In a most recently proposed approach, we address the problem of transfer learning between datasets of high dimensions. Transferring knowledge from one domain to another is challenging due to a number of reasons. Since both conditional and marginal distribution of the training data and test data are non-identical, model trained in one domain, when directly applied to a different domain, is usually low in accuracy. For many applications with large feature sets, such as text document, sequence data, medical data, image data of different resolutions, etc. two domains usually do not contain exactly the same features, thus introducing large numbers of "missing values" when considered over the union of features from both domains. In other words, its marginal distributions are at most overlapping. In the same time, these problems are usually high dimensional, such as, several thousands of features. Thus, the combination of high dimensionality and missing values make the relationship in conditional probabilities between two domains hard to measure and model. To address these challenges, we propose a framework that first brings the marginal distributions of two domains closer by "filling up" those missing values of disjoint features. Afterwards, it looks for those comparable sub-structures in the "latent-space" as mapped from the expanded feature vector, where both marginal and conditional distribution are similar. With these sub-structures in latent space, the proposed approach then find common concepts that are transferable across domains with high probability. During prediction, unlabeled instances are treated as "queries", the mostly related labeled instances from outdomain are retrieved, and the classification is made by weighted voting using retrieved out-domain examples. We formally show that importing feature values across domains and latentsemantic index can jointly make the distributions of two related domains easier to measure than in original feature space, the nearest neighbor method employed to retrieve related out domain examples is bounded in error when predicting in-domain examples.

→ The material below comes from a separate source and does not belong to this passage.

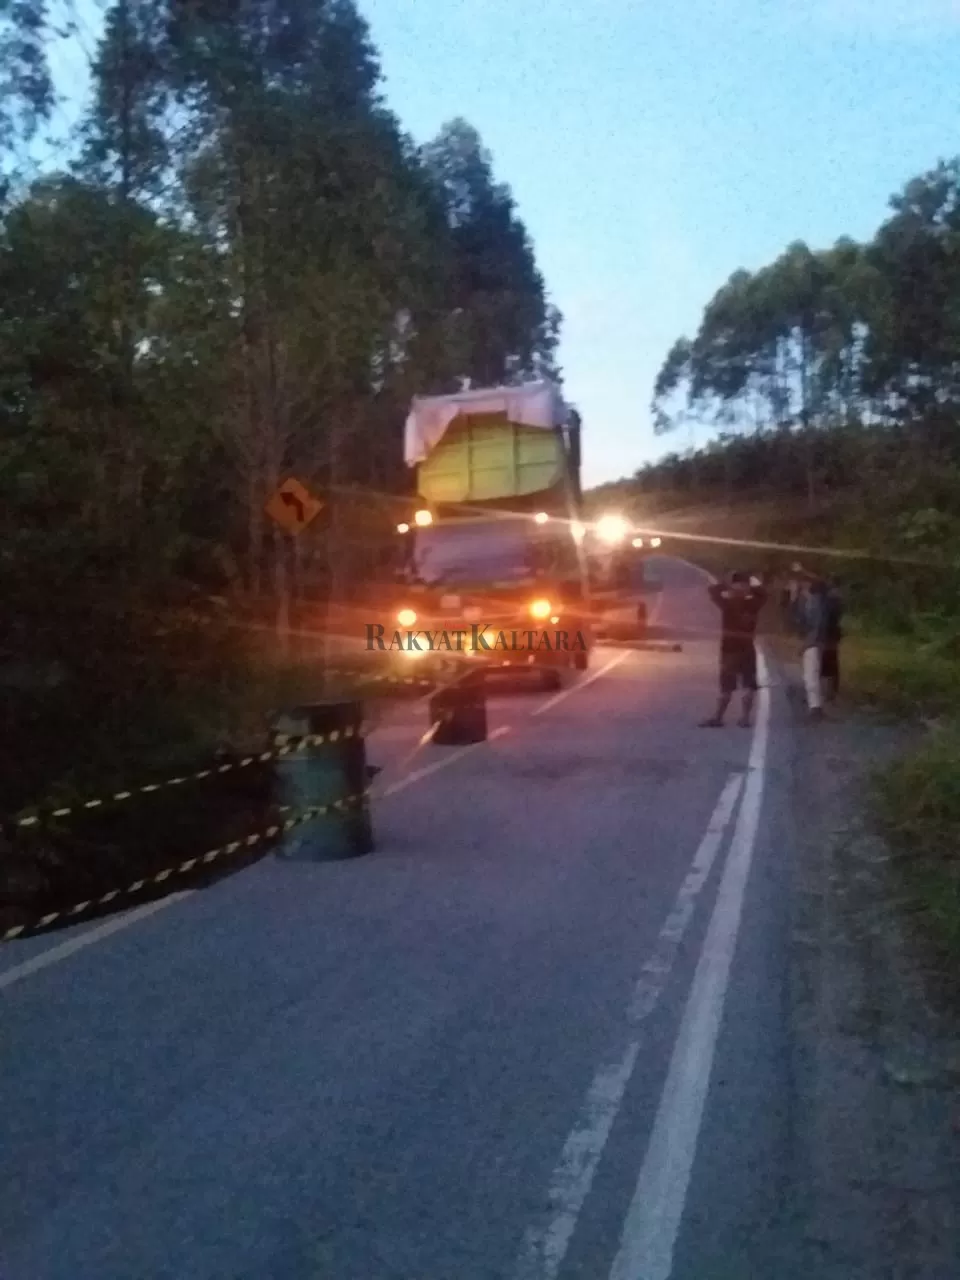 PERBAIKAN: Jalan longsor di jalan poros Trans Kalimantan tidak menghambat lalu lintas kendaraan, Rabu (30/3).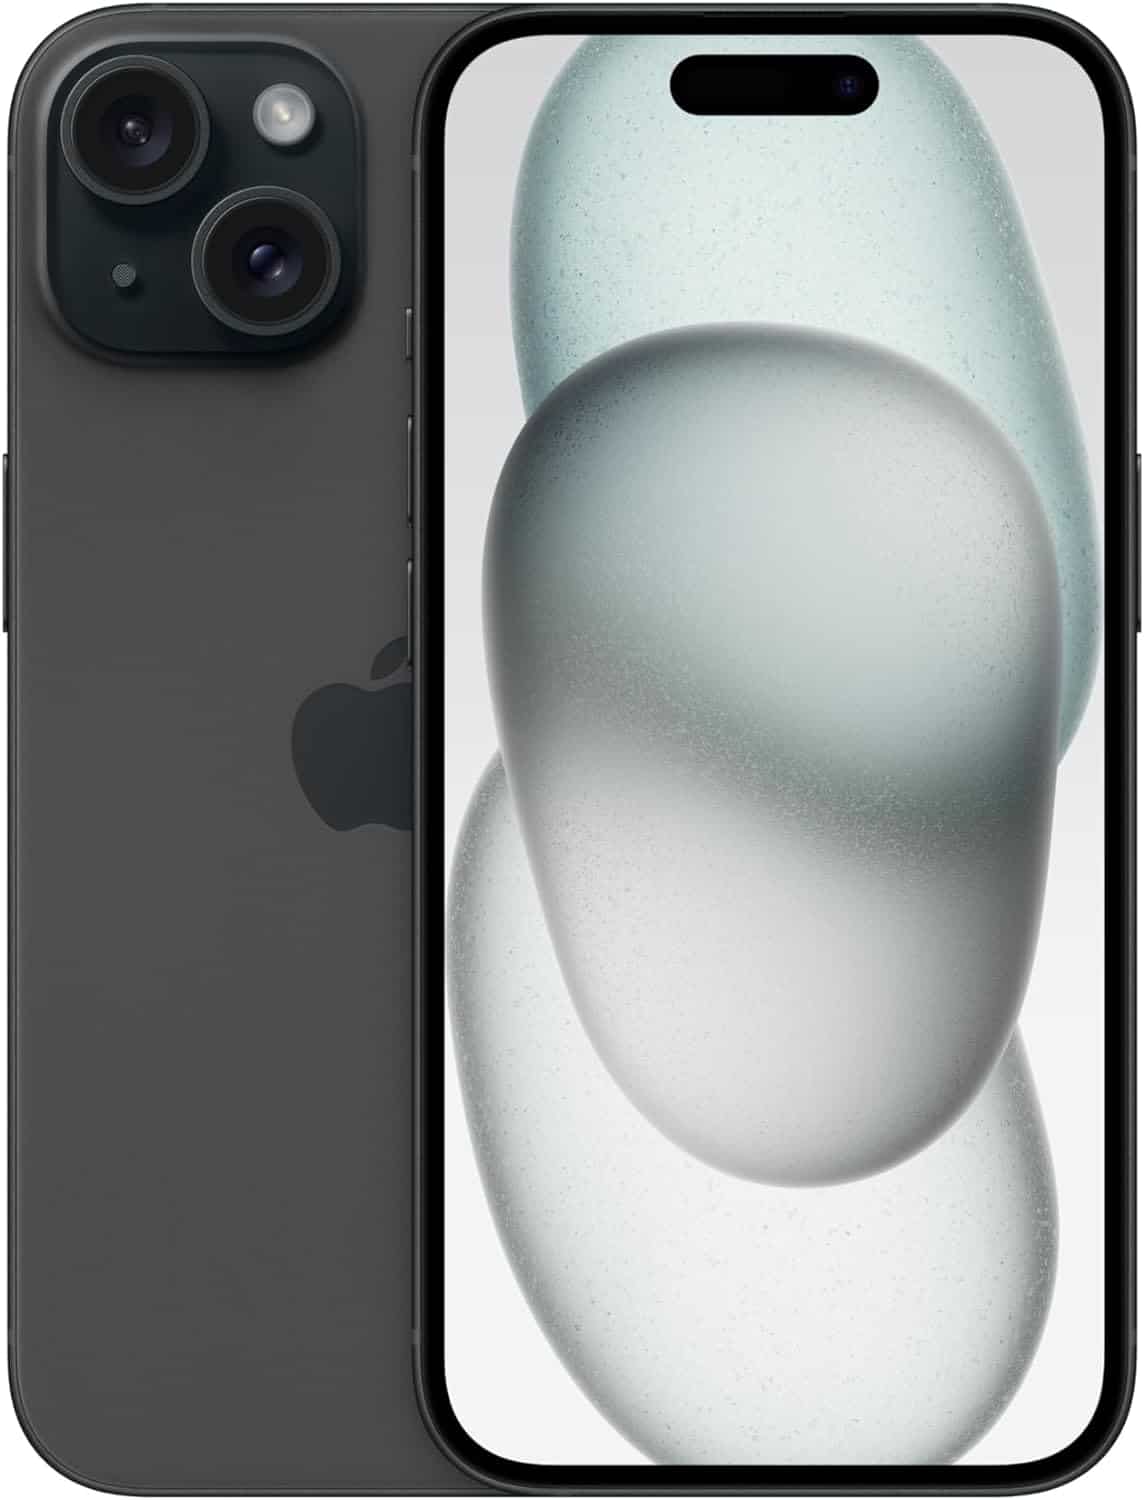 Apple iPhone 11 Pro 64GB Grey with enhanced capabilities and sleek design.

The paper by Sihong Xie, Wei Fan, Jing Peng, Olivier Verscheure, and Jiangtao Ren can be found here, the Powerpoint presentation can be founed here, and the code and dataset can be downloaded from here.

## Feature Selection

We have proposed a graph-based hybrid feature selection method that combines the advantage of both supervised and semi-supervised feature selection.

When the number of labeled examples is limited, traditional supervised feature selection techniques often fail due to sample selection bias or unrepresentative sample problem. To solve this, semi-supervised feature selection techniques exploit the statistical information of both labeled and unlabeled examples in the same time. However, the results of semi-supervised feature selection can be at times unsatisfactory, and the culprit is on how to effectively use the unlabeled data. Quite different from both supervised and semi-supervised feature selection, we propose a "hybrid" framework based on graph models. We first apply supervised methods to select a small set of most critical features from the labeled data. Importantly, these initial features might otherwise be missed when selection is performed on the labeled and unlabeled examples simultaneously. Next, this initial feature set is expanded and corrected with the use of unlabeled data. We formally analyze why the expected performance of the hybrid framework is better than both supervised and semi-supervised feature selection. Experimental results demonstrate that the proposed method outperforms both traditional supervised and state-of-the-art semisupervised feature selection algorithms by at least 10% in accuracy on a number of text and biomedical problems with thousands of features to choose from.

The paper by Erheng Zhong, Sihong Xie, Wei Fan, Jiangtao Ren, Jing Peng and Kun Zhang can be found in here, the PowerPoint presentation can be found here and the code and dataset is available from here.